The Huffington Post recommends the most basic routine before hitting the track: warming up and cooling down. Begin by stretching your calves, quads, hamstrings and glutes to get your blood flowing a little bit faster. Once outside, walk slowly and build up speed every 30 seconds or so. Move on from a brisk walk to a jog, and so forth. Warming up is imperative because it prevents you from getting injured, helps you loosen your muscles, and improves your blood flow and thus warms your body.

Speaking of blood flow, remember to breathe properly. Alysia Montaño, who holds the US record for the 800-meter distance, told Women's Health: "I think inhaling through your nose and out through your mouth is unnatural and an old wives' tale."

Sports medicine physician and author of Running Strong Jordan Metzl, M.D. recommends slowly inhaling and exhaling through your nose or your mouth from your belly, like you would while doing yoga. This way, you can get more oxygen into your bloodstream.

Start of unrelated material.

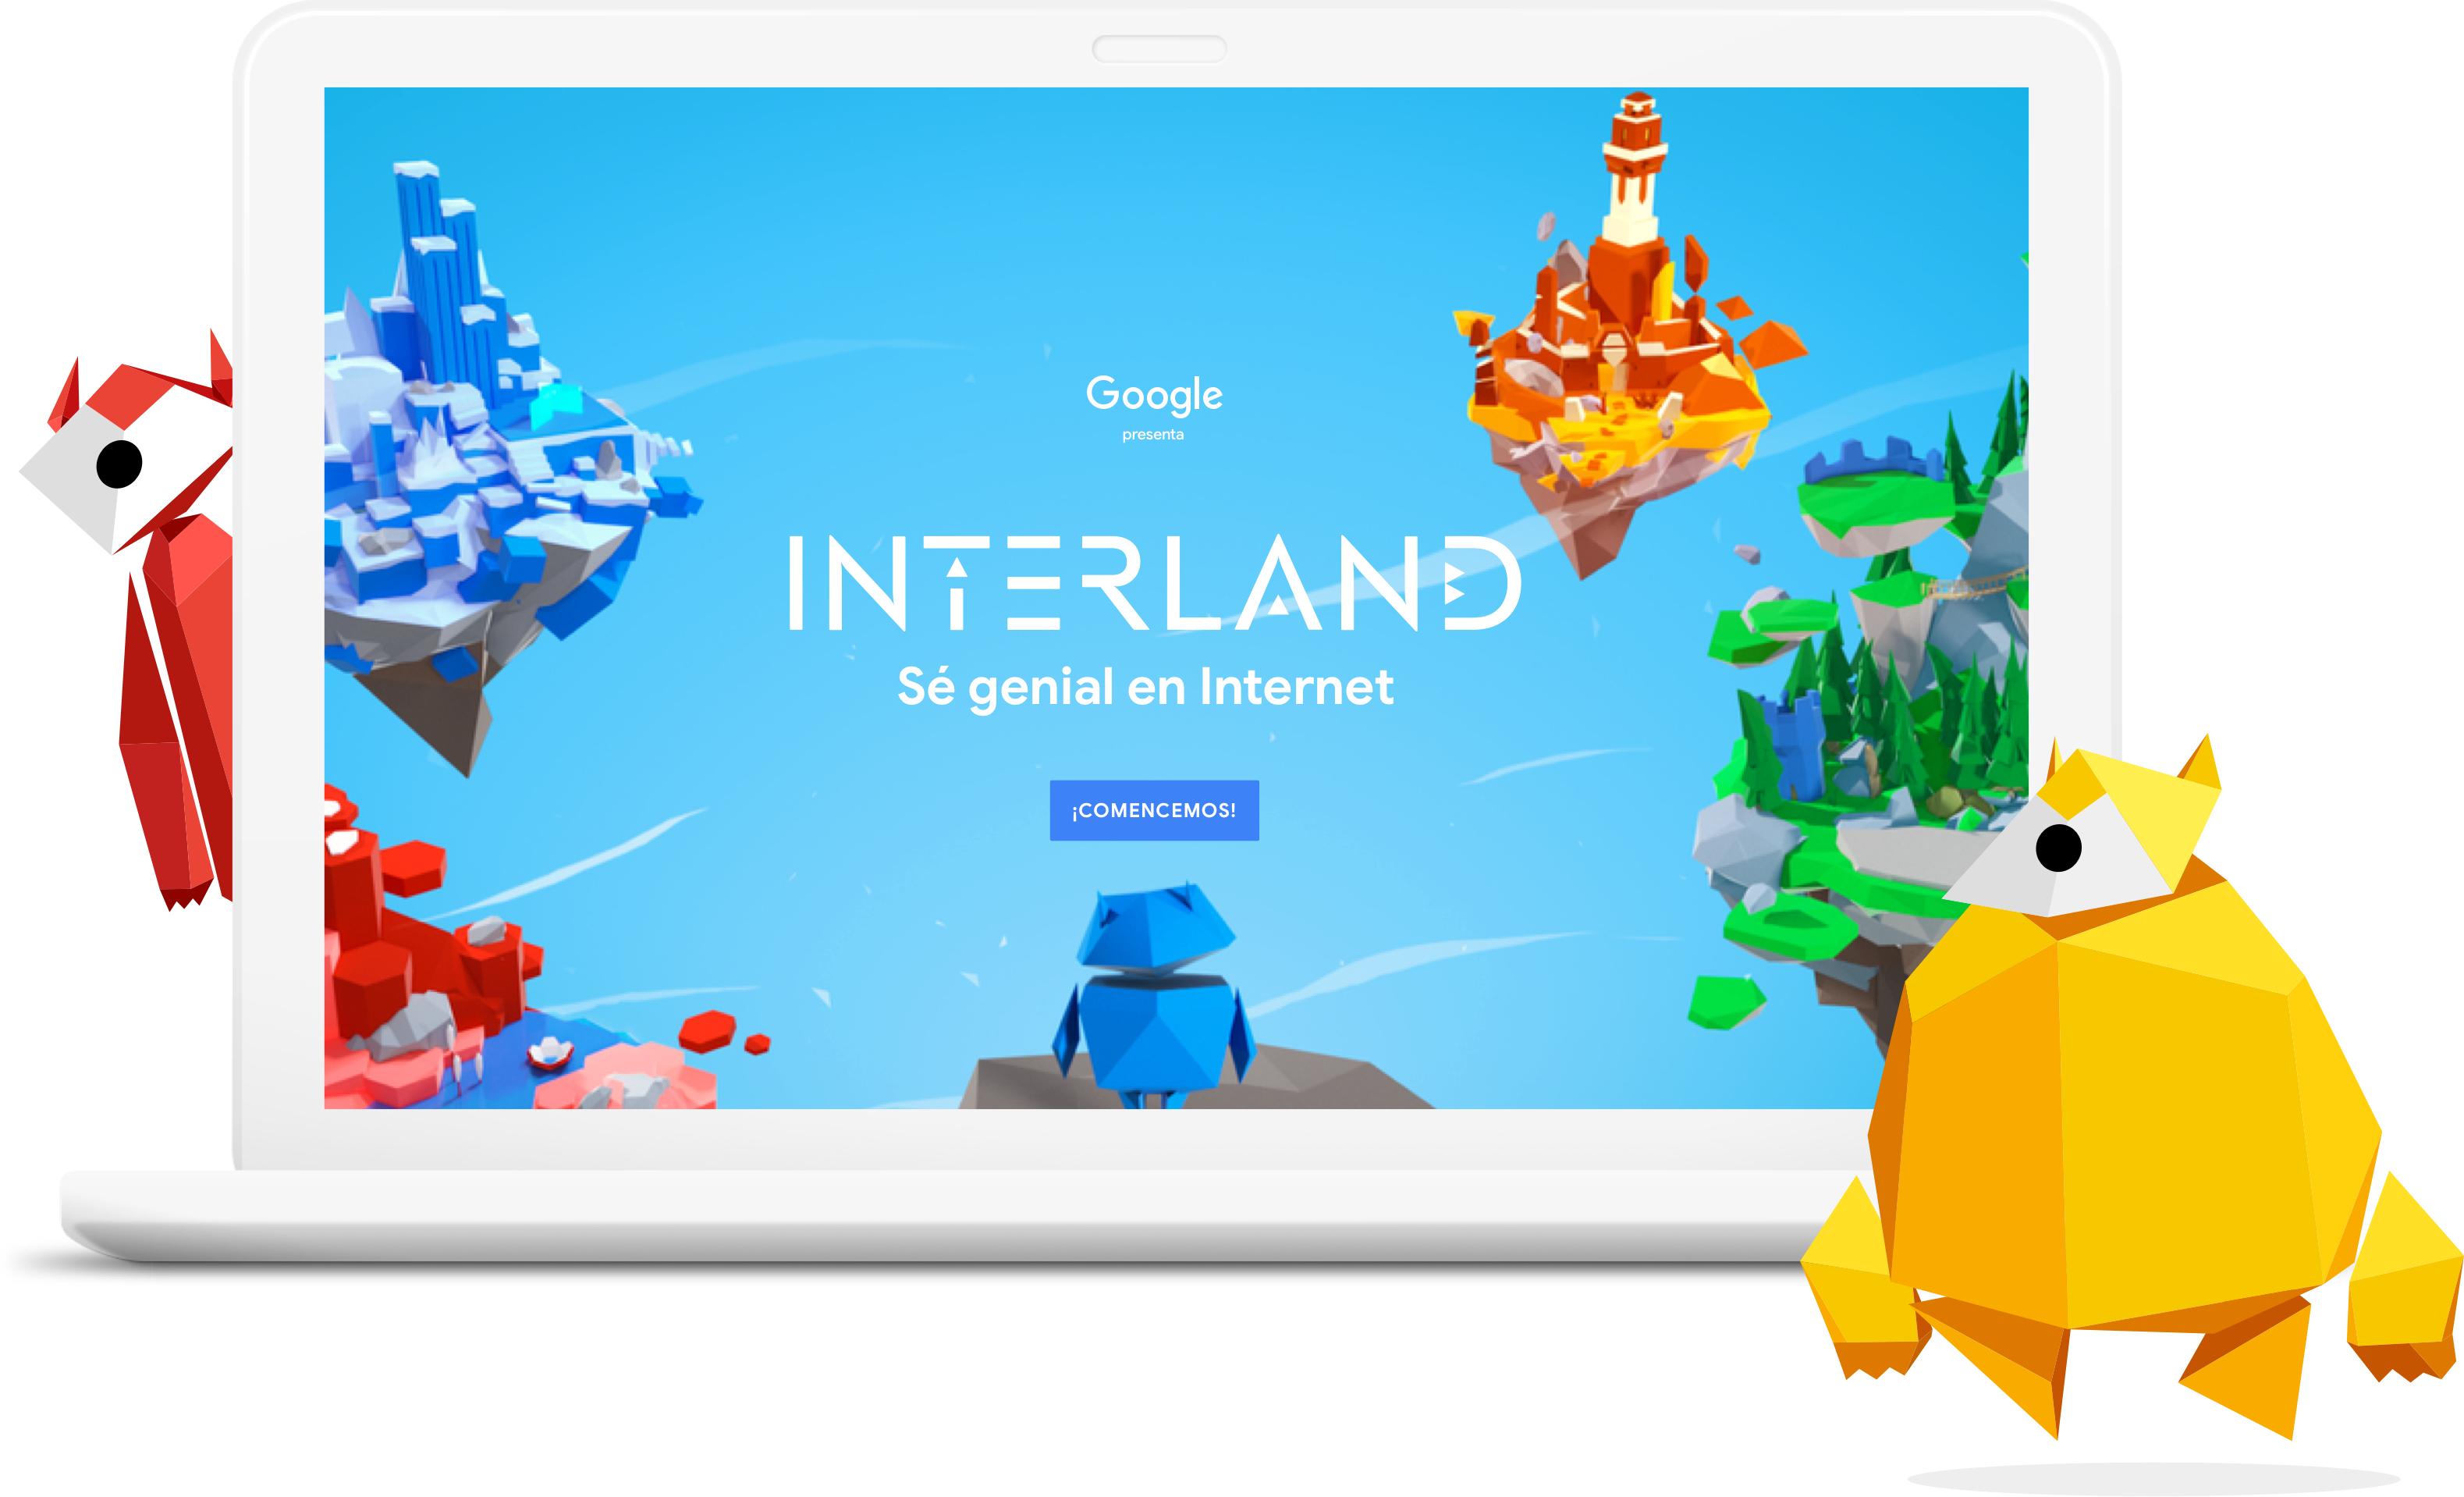 """Sé genial en Internet"": La fórmula de Google para navegar de manera segura en línea"
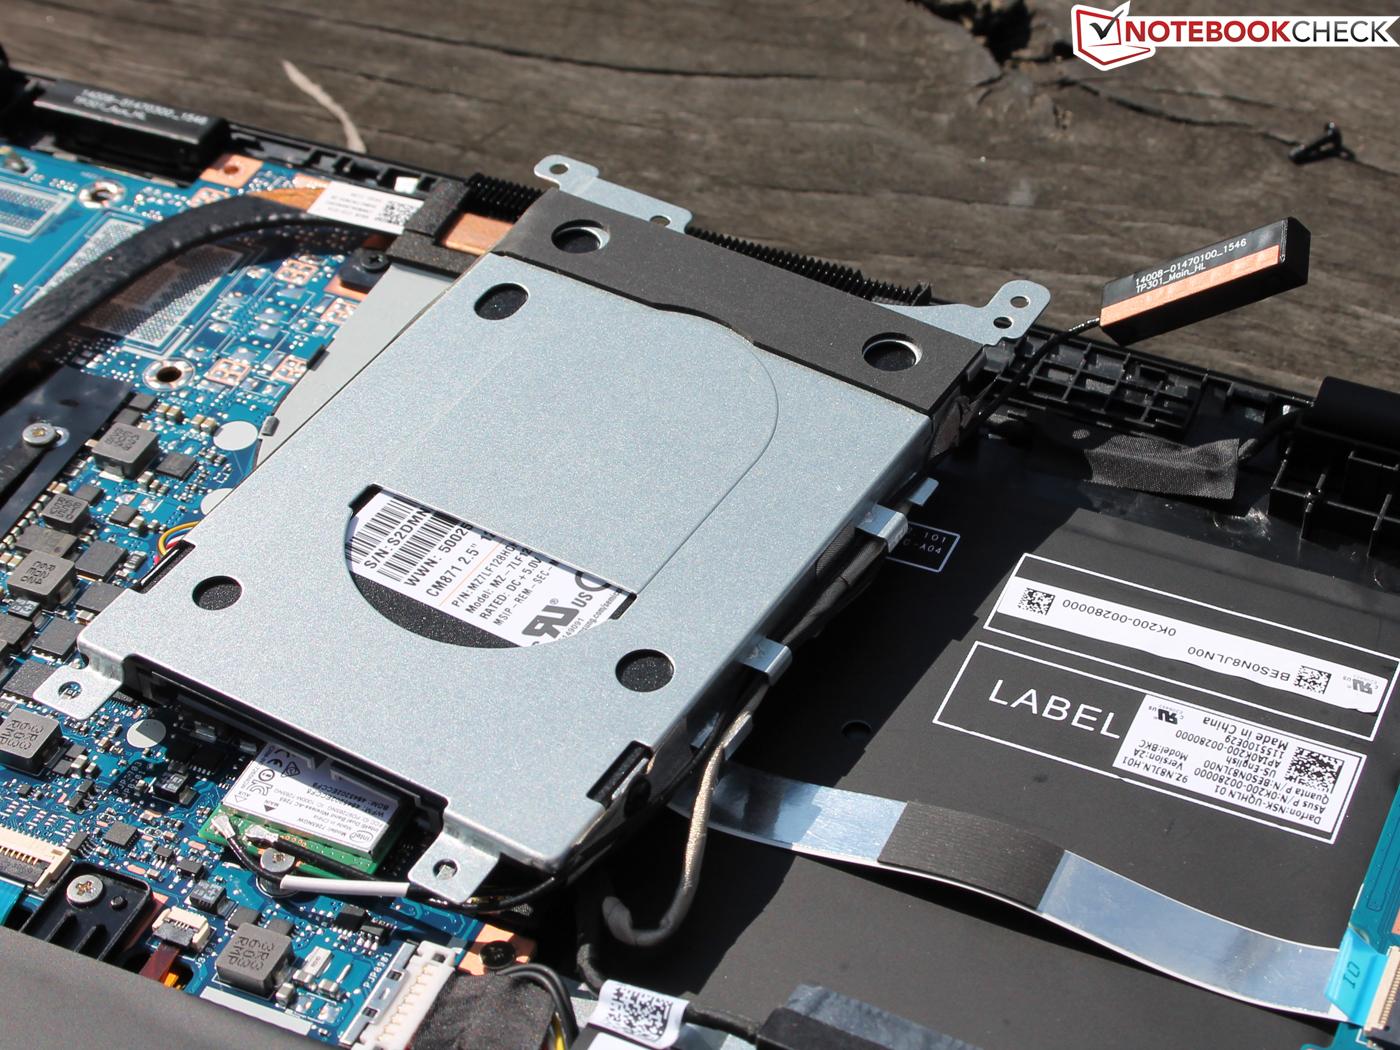 Asus VivoBook Flip TP301UA-DW006T Convertible Review - NotebookCheck

If you're tracking progress or training for a marathon, Women's Health Magazine reports that according to 3-time Ironman World Champion Mirinda Carfrae, you must focus on the time you spend running rather than the miles you have to run. This will change the way you look at your progress. She said: "It allows you to log miles without worrying how far and how fast you go." Remember that progress does take time, and you will notice changes as you go.

Additionally, it's best to keep your cadence high, at about 170 to 180 steps per minute. According to Metzl, "The more frequently your foot touches down, the less loading force you're throwing onto your hips and knees with each step, lowering your risk for injury." You don't have to count each step per minute though, just count how many times your right foot hits the ground in 20 seconds. If you're close to 30, you're falling within the 170 to 180 range.

Lastly, Metzl recommends getting adequate, quality sleep. He wrote in Runner's World that when we sleep, that's the time "when your body repairs muscle, builds bone, ramps up red blood cell production, restocks glycogen, and reviews and stores the neuromuscular learning that occurred during your day’s run."